| Exactly. As the proposal contemplates this alternative, it claims: > But there are reasons why we encounter deeply nested expressions in each other’s code all the time in the real world, rather than lines of temporary variables. And the reason it gives is: > It is often simply too tedious and wordy to write code with a long sequence of temporary, single-use variables. Sorry, but...that's the job? If naming things is too hard and tedious, you don't have to do it, I guess, but you've chosen a path of programming where you don't care about readability and maintainability of the codebase into the future. I don't think the pipe operator magically rescues the readability of code of this nature. The tedium of coming up with a name is a forcing function for the author's brain to think about what this thing really represents. It clarifies for future readers what to expect this data to be. It lets your brain forget about the implementation of the logic that came up with the variable, so as you continue reading through the rest of the code your brain has a placeholder for the idea of "the envVar string" and can reason about how to treat it. The proposal continues: > If naming is one of the most difficult tasks in programming, then programmers will inevitably avoid naming variables when they perceive their benefit to be relatively small. Programmers who perceive the benefit of naming variables to be relatively small need to be taught the value of a good name, and the danger of not having a good name, not given a new bit of syntax to help them avoid the naming process altogether. The aphorism "There are two hard problems in computer science: cache invalidation, and naming things." is not an argument to never cache and never name things. That's mostly what we software folks spend our time doing, in one way or another. |
Sure, it can’t be completely eliminated, but why not do less of a thing that’s hard, when it can be avoided?

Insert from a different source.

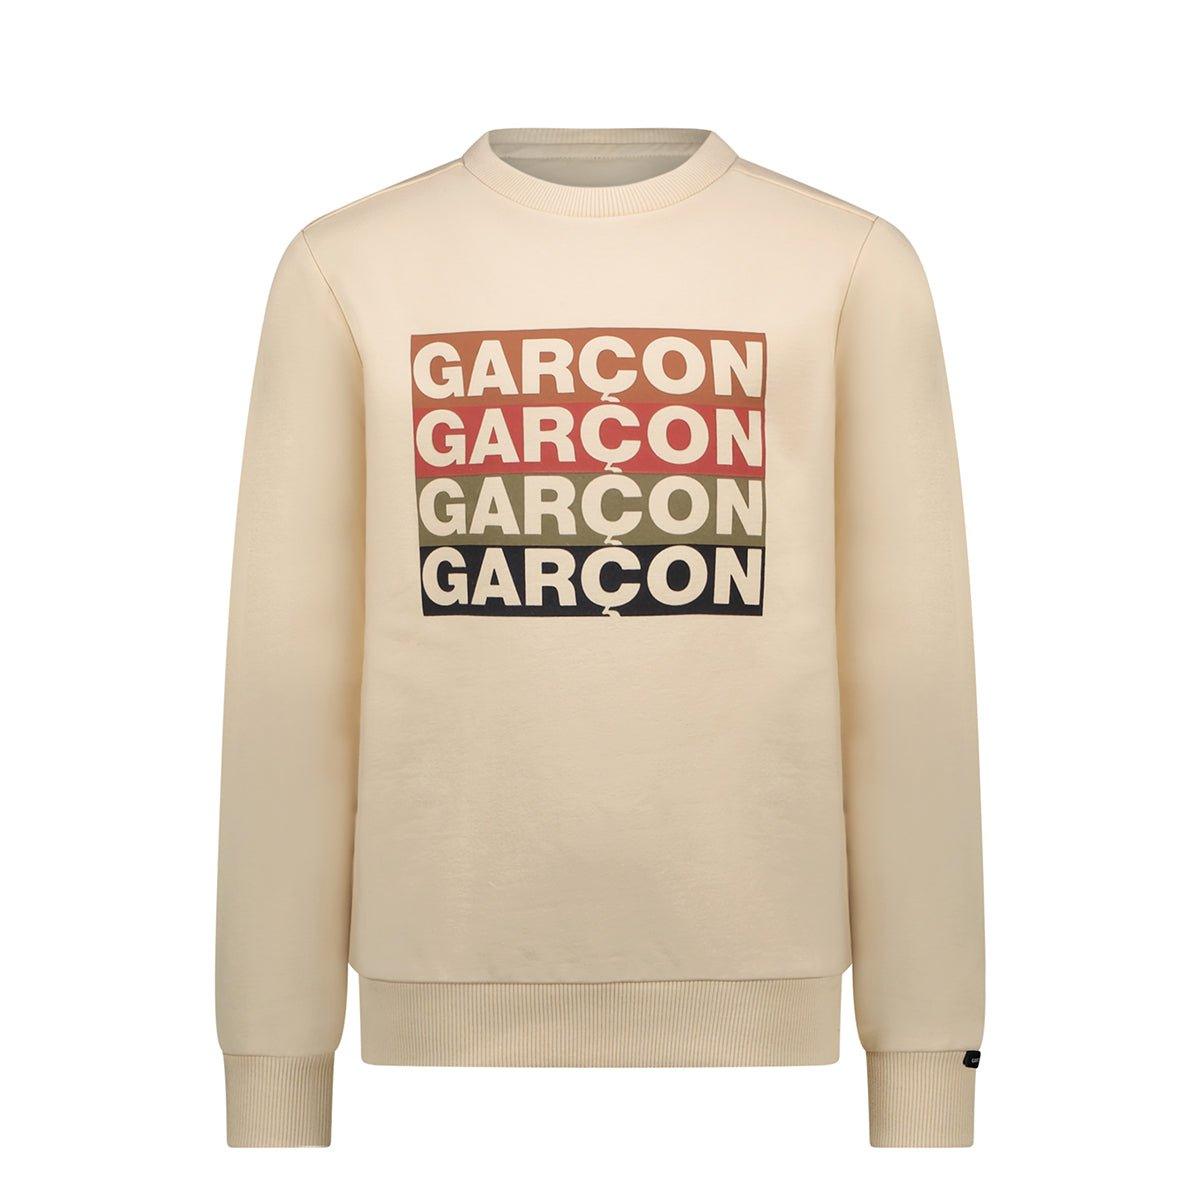 OLIVER GARÇON logo sweater - mooiemerken.nl

Values have a “name”, whether it’s a variable ‘keysAsString’ or the expression ‘keys.join(' ')’. The problem with keysAsString is that you have to type it twice, once to define it and again to use it. It’s also less exact, because it’s a human-only name, not one that has a precise meaning according to the rules of the language. (E.g. a reader might wonder what the separator between the keys was - if you don’t store it in a variable, then the .join “name” tells you precisely right at the site it’s used.) Making the variable name more precise implies more tedium in the writing and reading.
If the value is used twice or more, I would usually say storing it in a well-named variable is preferable, but if it’s cheap or optimizable by the compiler I might still argue for the expression.
This may be a irreconcilable split between different types of thinkers, perhaps between verbal and abstract.